Спустя неделю пришла и моя очередь. Дали мне на ночь выпить изрядную дозу какой-то "гадости", утром промыли желудок, целый день ничем не кормили, а вечером дали выпить снотворного. В операционной, куда меня принесли, большой персонал. У доктора только глаза не закрыты, а вся голова окутана белой густой марлей. Положили меня на стол, надели маску и приказали считать. Вскоре все стало куда-то уплывать и... уплыло. 

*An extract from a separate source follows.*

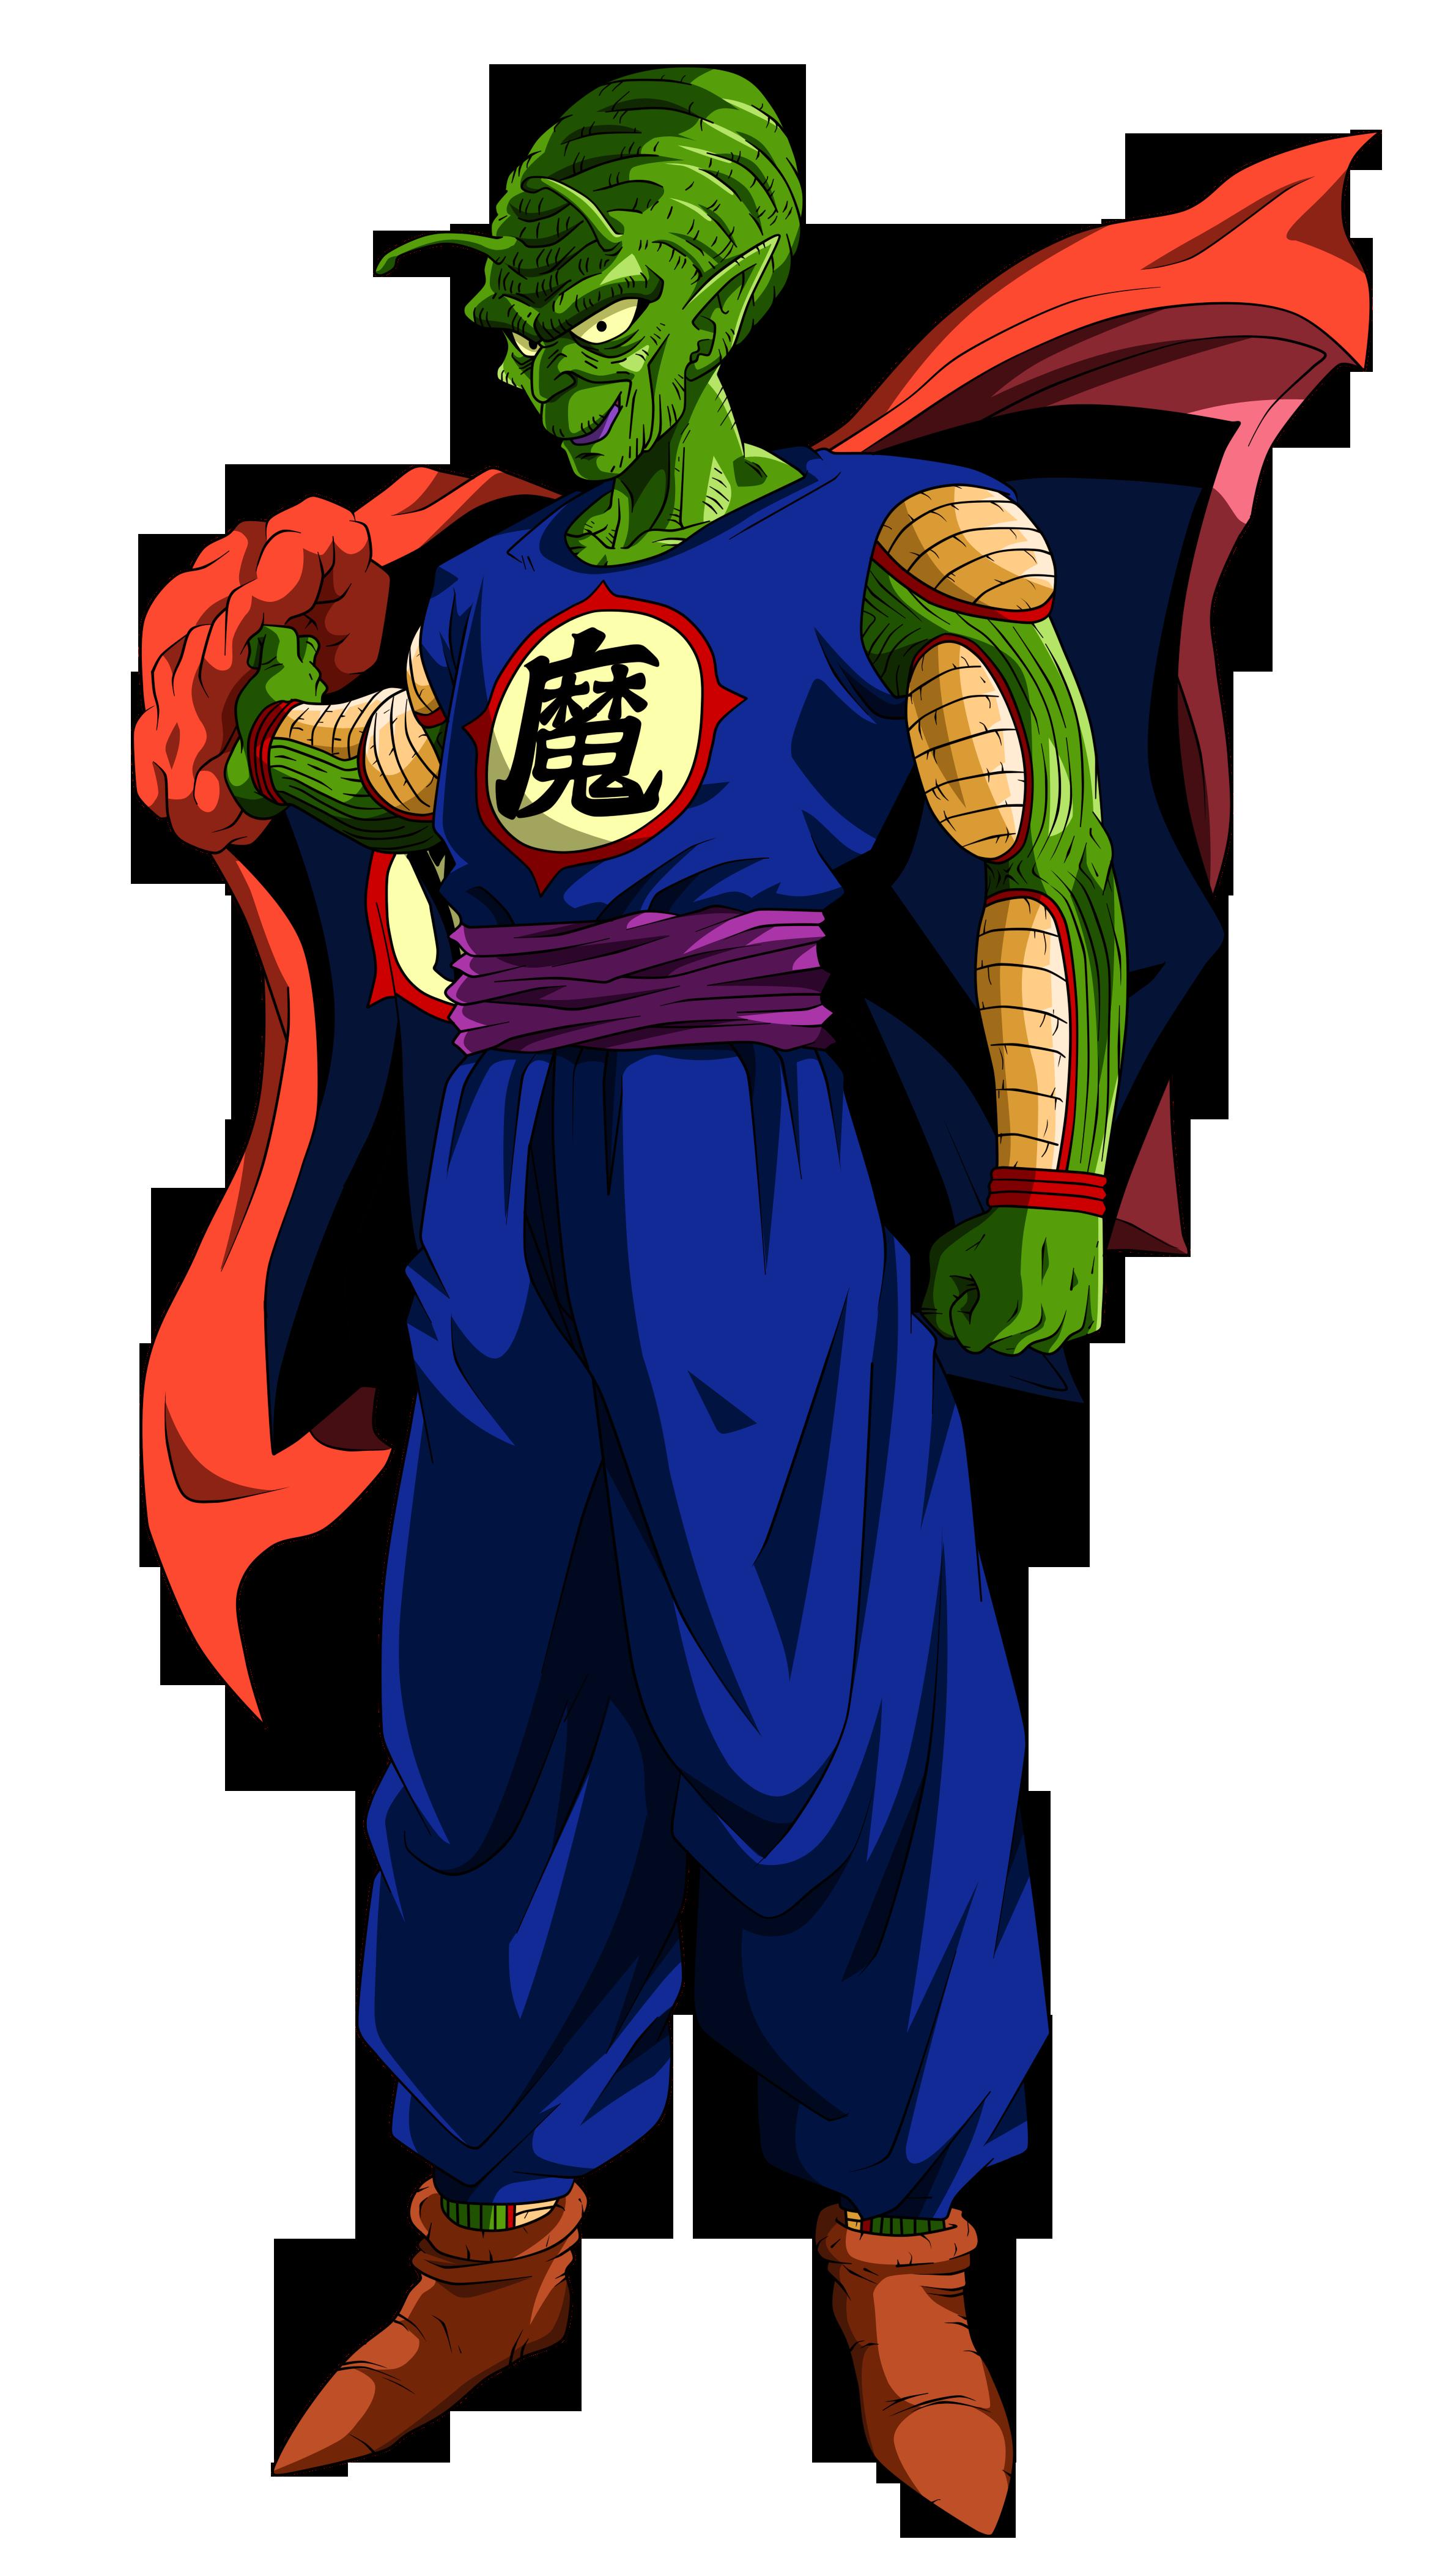 King Piccolo - Villains Wiki - villains, bad guys, comic ...

Странное ощущение испытал я при пробуждении, когда открыл глаза. Пытаюсь что-то спросить и не могу: рот будто набит ватой. Сестра сидит рядом и успокаивает: 

- Операция прошла хорошо, длилась два часа, но язык запал в горло и закрыл дыхание; вынули его щипцами и так держали более часа. 

Была уже полночь - все спали. Ощутил во рту распухший язык, но боли не было. Не было ее и в ноге, которая снова покоилась в гипсе и на вытяжении. Состояние - расслабленное. Хотелось пить и слегка подташнивало. Под утро началась рвота. Сначала пустой желудок выбрасывал какую-то противную слизь, а дальше началась рвота с конвульсиями, не дававшая ничего, кроме страшной горечи, расходившейся во рту и вызывавшей мучительное желание пить. Отдал бы все за один глоток воды. Но пить не давали. Доктор разрешил сестре окунать чайную ложку в стакан с водой и класть ее мне в рот. Это чуть помогало, но не прекращало спазматической рвоты, как будто стремившейся выкинуть наружу желудок. Это воспоминание осталось во мне, как самое мучительное из тех, которыми сопровождалось пребывание в госпитале. Полегчало мне только после полудня, а к вечеру сестра влила мне в рот первую чайную ложку воды. Слегка отошел и мой язык, но желания говорить не было. Из рассказа сестры я узнал, что операция была сложная и долгая: на костях сделаны были специальные зарезы, после чего их сложили, просверлили и сшили особой золотой проволокой, и т.д. Доктор говорил мне, что пришлось применить так называемым "французский замок". Новых семь недель предстояло пролежать на вытяжении. 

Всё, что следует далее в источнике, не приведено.